Shanna Gachen  | Published on Thursday, October 01, 2015
All the good photos taken by: Janine and Nicole, Thanks ladies!
 
Jon on the Beautiful Skookumchuck wave, BC Canada

Ebb & Flow?! What is this jibber jabber?  WELL, I now know more about the sea than I should ever have to know as a whitewater kayaker… ha!

A crew of whitewater boaters ventured north to Canada to visit the infamous Skookumchuck Rapids, to find out what all the hoopla was about. The Skookumchuck Narrows is located on the Sunshine Coast of B.C. and takes about 6 hours to get there from Seattle, which also includes a 40 minute ferry ride through some of the most gorgeous scenery. Once arriving in Egmont, B.C. we made camp for the next three nights at Strongwater Camping & Cabins.
 
 
The Skookumchuck Narrows, aka “The Skook”, is a tidal bore created by massive amounts of ocean water squeezing itself through a narrow inlet and dropping over a wide rock shelf far below the surface. Between tides, there is only flat water, but as the tide begins to “Flow” the magic happens. The amazing transformation from flat water to a standing wave, which boaters from all over the world come to see, is a sight to be seen by boaters and non-boaters alike.
 
Slack tide (notice the lighthouse on the island)
 
Shanna Surfing (Notice the lighthouse, the wave is still growing!)

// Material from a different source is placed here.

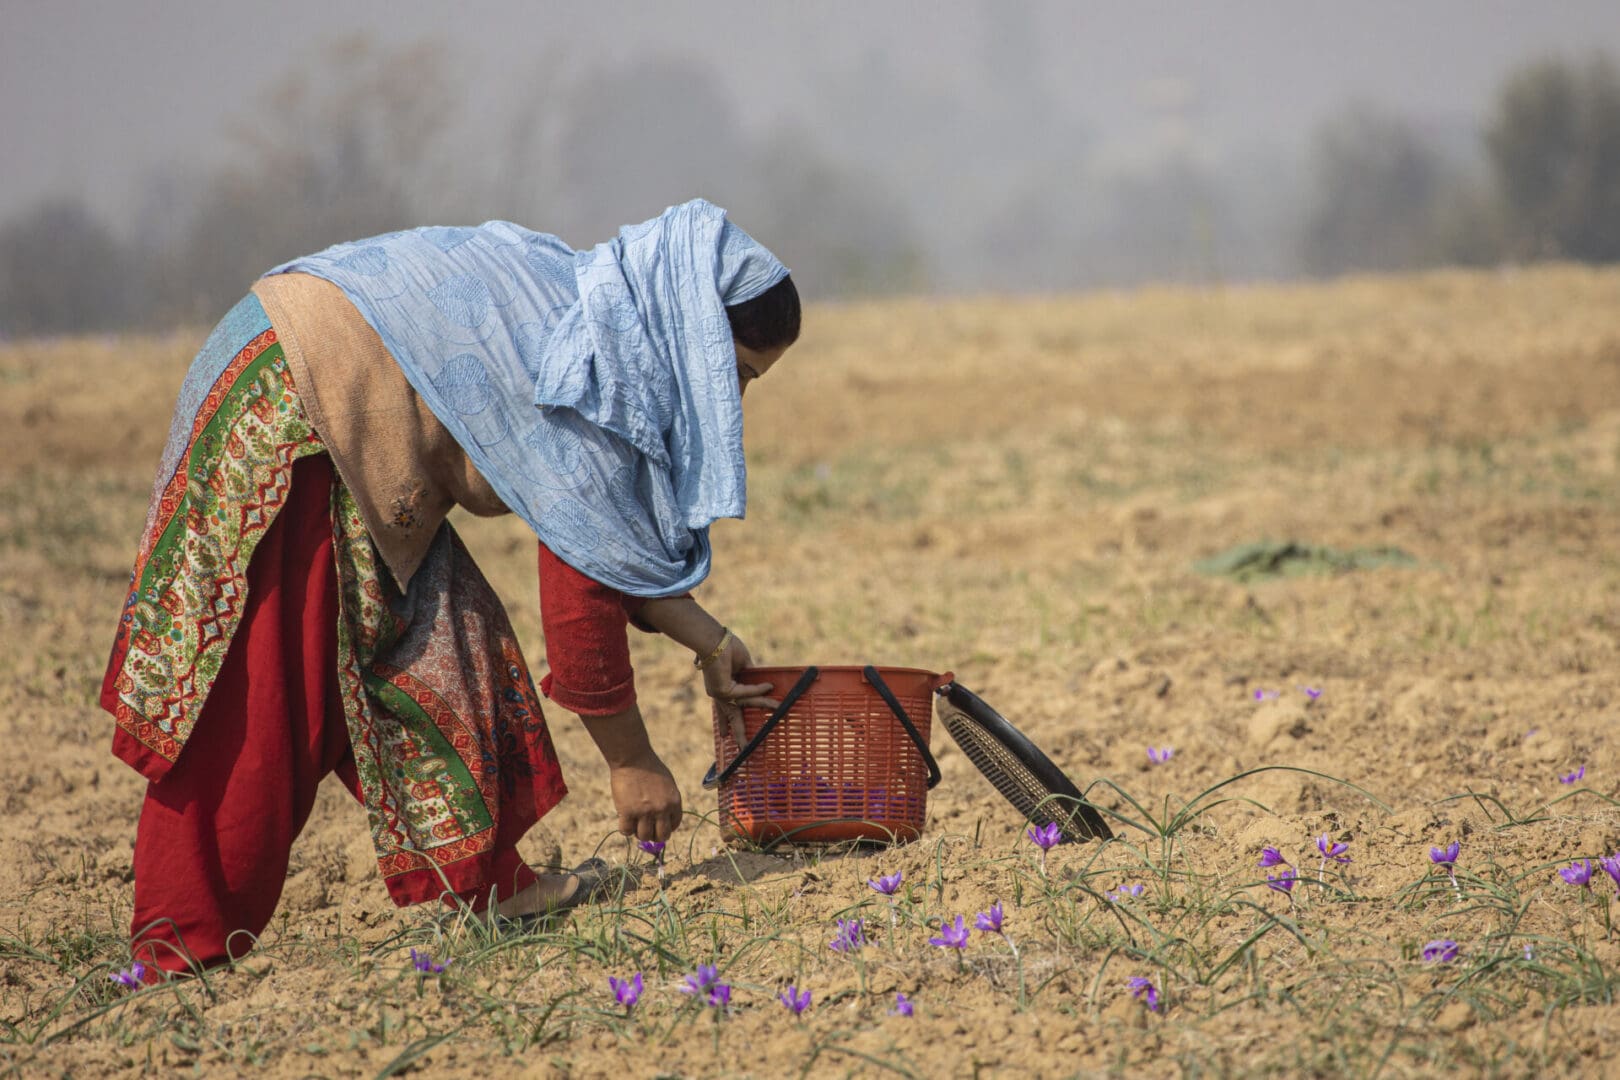 A woman picking saffron in a field.

On Saturday morning, we woke to a beautiful blue sky with a crisp nip in the air to start our paddling journey to the narrows. We launched at the Egmont dock and paddled 2 miles with our boats full of everything we would need for our day at “The Skook”, including our hiking shoes and a cold beverage of choice for the 2 mile hike back out after boating.
 
Town of Egmont
 
Jon and Aamie getting ready to launch from Egmont Dock

 

On our paddle to the wave we saw amazing purple starfish, jellyfish, and even a seal in one of the bays.  Once arriving we marveled at the idea of a wave appearing soon so we jumped in our boats to feel the power of the water as the flow increased.  

 
 
As the flow reached its max flood of 10.4 knots on Saturday, we watched the calm shoreline turn into a turbulent eddy, the standing wave grew by the minute, and an ever-growing class IV rapid bubbled and churned “down-river”. For the beginners to the Skook, it was important to take the opportunity to get out there right away and surf as much as possible, because as the wave grew so did the rapid behind it.
 
Once you fell off the wave, it was important to catch the eddy just behind the wave, if you missed the opportunity, you had to do what’s called “Taking the Tour”. Taking the tour consisted of trying to stay upright while avoiding as many boils, whirlpools, and imploding waves as you make your way with the chaotic flow, before getting an opportunity to head for shore, where the current eventually took you slowly back up the shoreline to the wave. A few of us took planned tours, but most of them were definitely unplanned!  For me it was a scary undertaking, where a lot of self-talk happened that consisted of a few unmentionable words – ha!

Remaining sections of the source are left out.